The jihadi idea of cosmic war provided a strategic
legitimization of violence by the implicit promise that if one is fighting God's war, one could never lose. God always wins.
Muslims call these violent acts ‘symbolic’. The bombing of
a public building may dramatically indicate to the populace that the government or the economic forces behind the building are seen as enemies. The point of the attack, then, was to produce a graphic and easily understandable object lesson. As such, they can be analyzed as one would any other symbol, ritual, or sacred drama.
On January 25, 2011, massive protests in Cairo’s Tahrir
Square in Egypt continued for 18 days until Hosni Mubarak – in power for 30 years – succumbed to popular demand and stepped down on February 11. Egyptians had seen that peaceful mass demonstrations could bring about real change.
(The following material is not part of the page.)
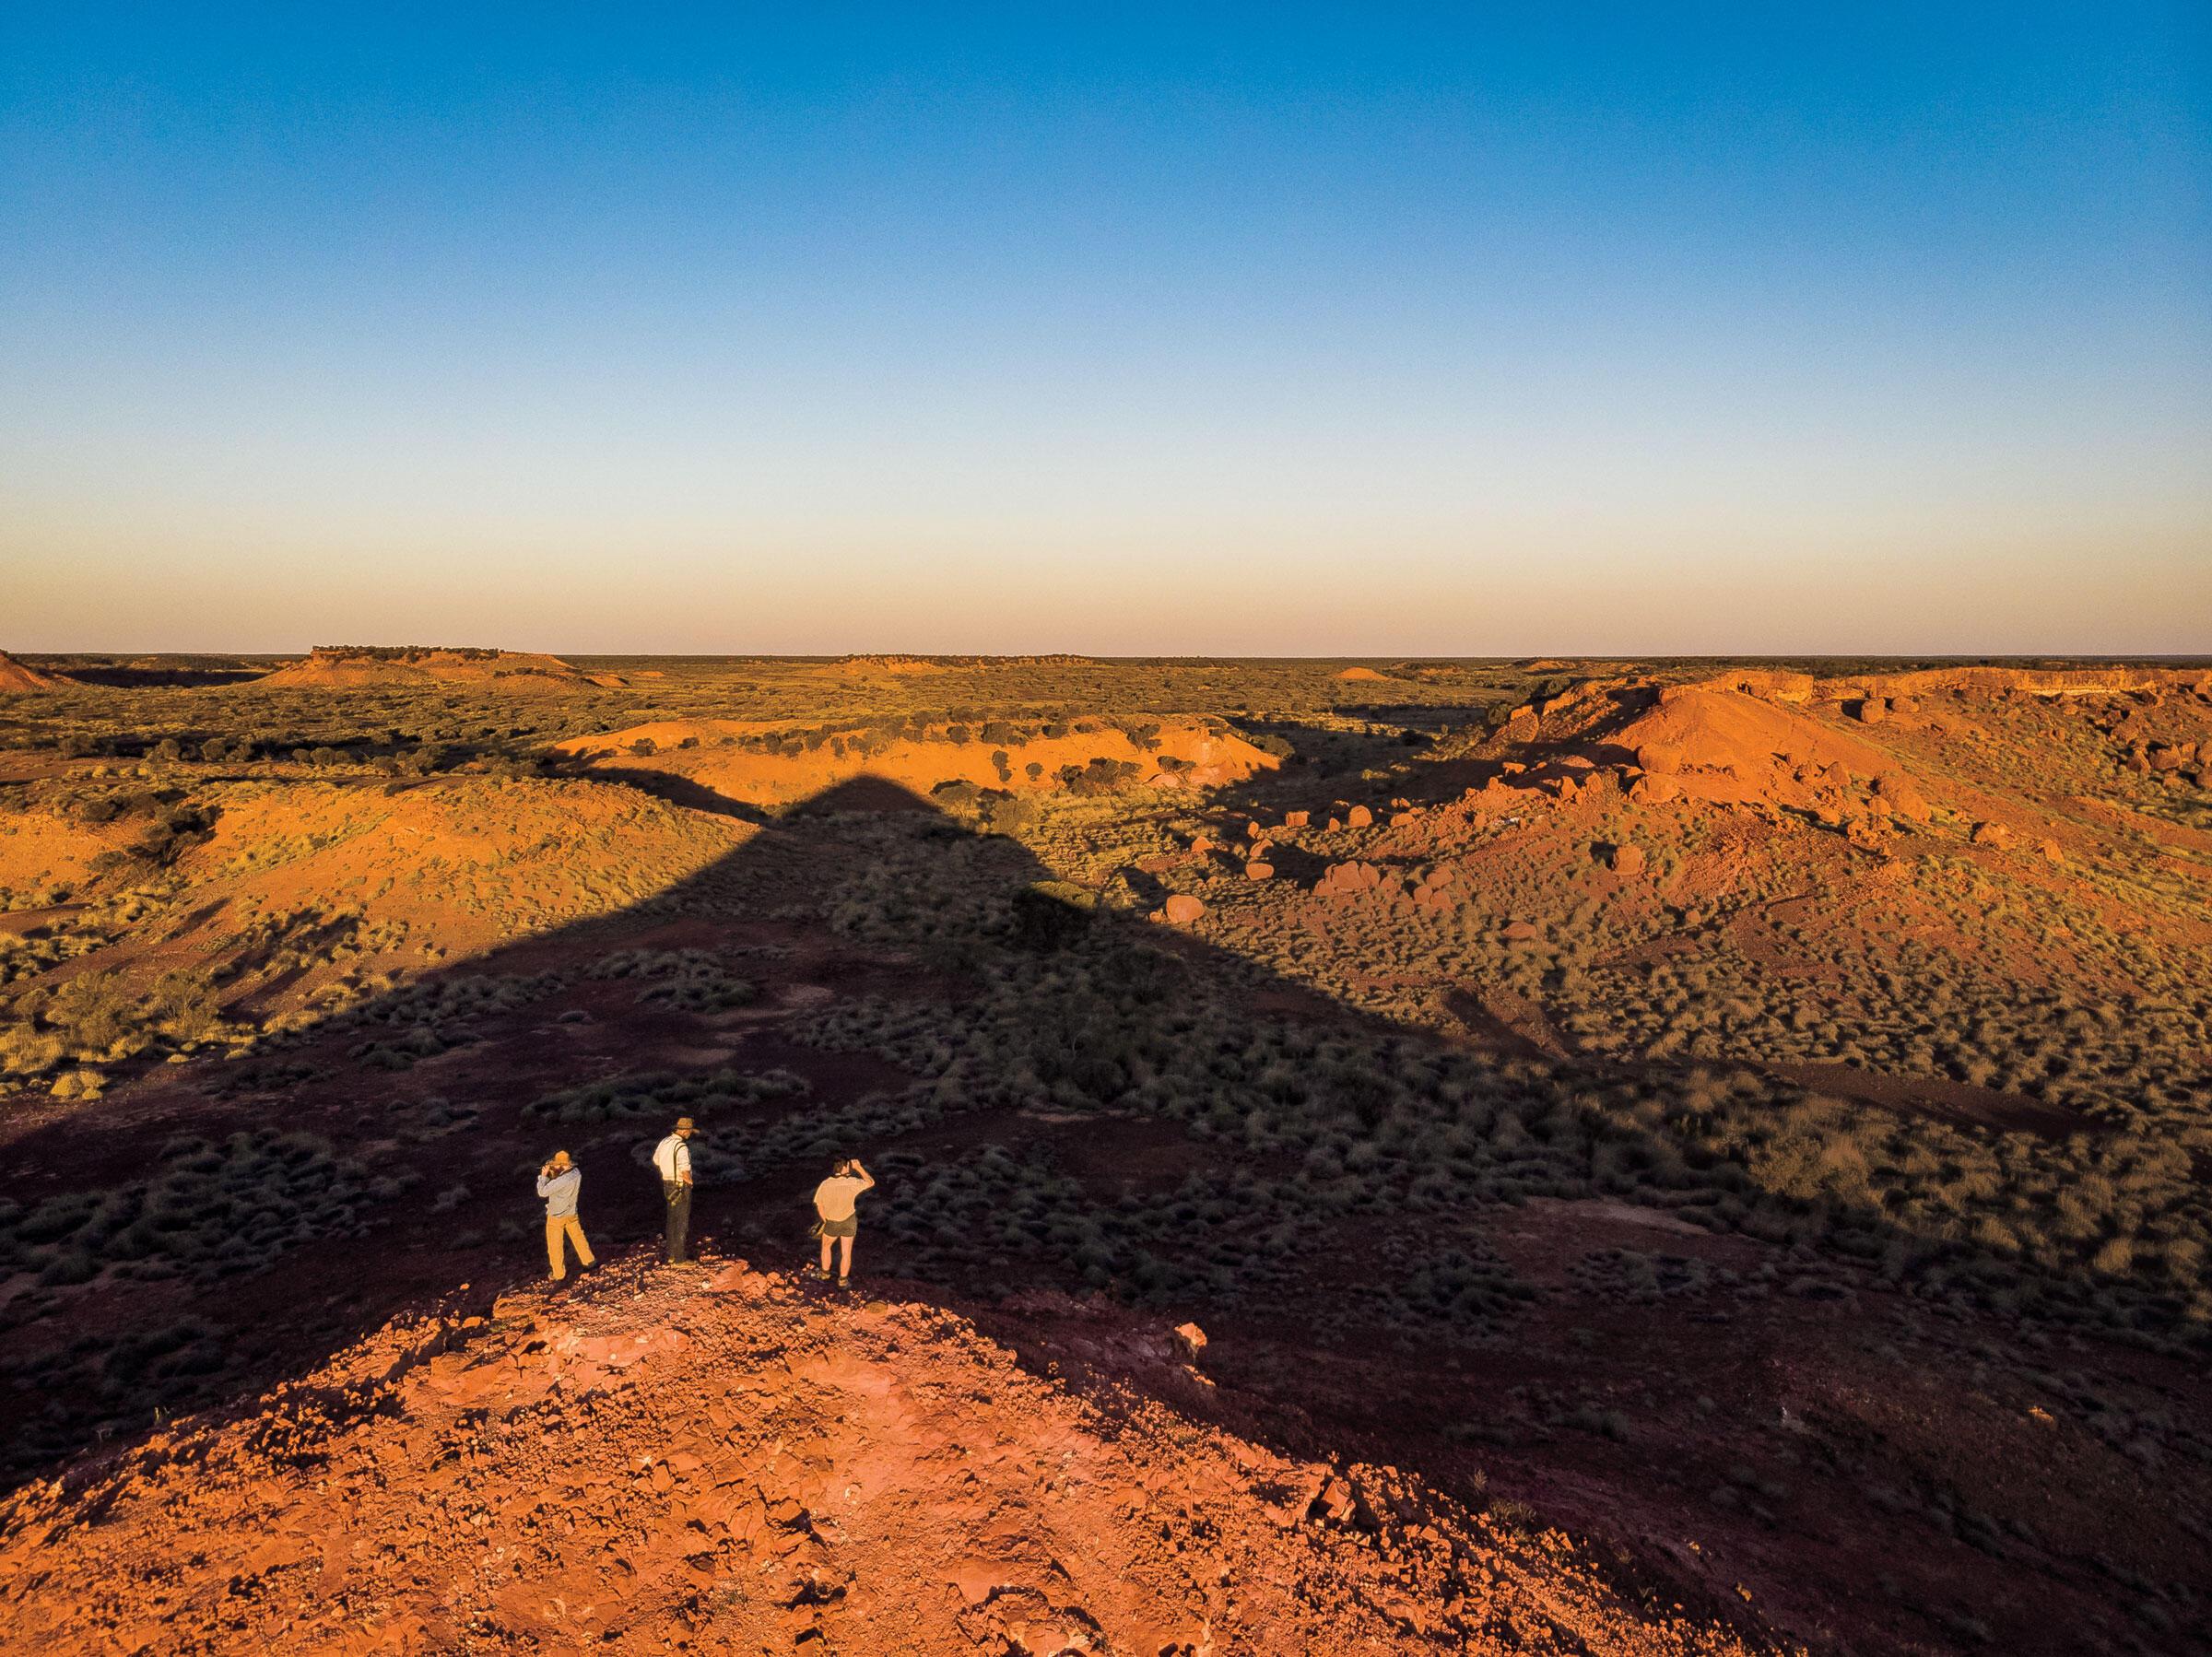 El Perico Nocturno, uno de únicos dos pericos de hábitos nocturnos del mundo, ha resistido en esta región remota y desolada del interior de Queensland.

The world cannot underestimate the importance of Tahrir
Square. Clearly, they constituted the catalyst for change. Perhaps not since the peaceful overthrow of the dictatorship regime of Ferdinand Marcos in the Philippines has the world seen such a dramatic demonstration of the power of nonviolent resistance.
Yet, as Tahrir Square showed, God does not always have
to fight, at least not in the terrorist ways that the jihadi warriors imagined. In a couple of weeks of protests, the peaceful resistors demonstrated the moral and strategic legitimacy of nonviolent struggle.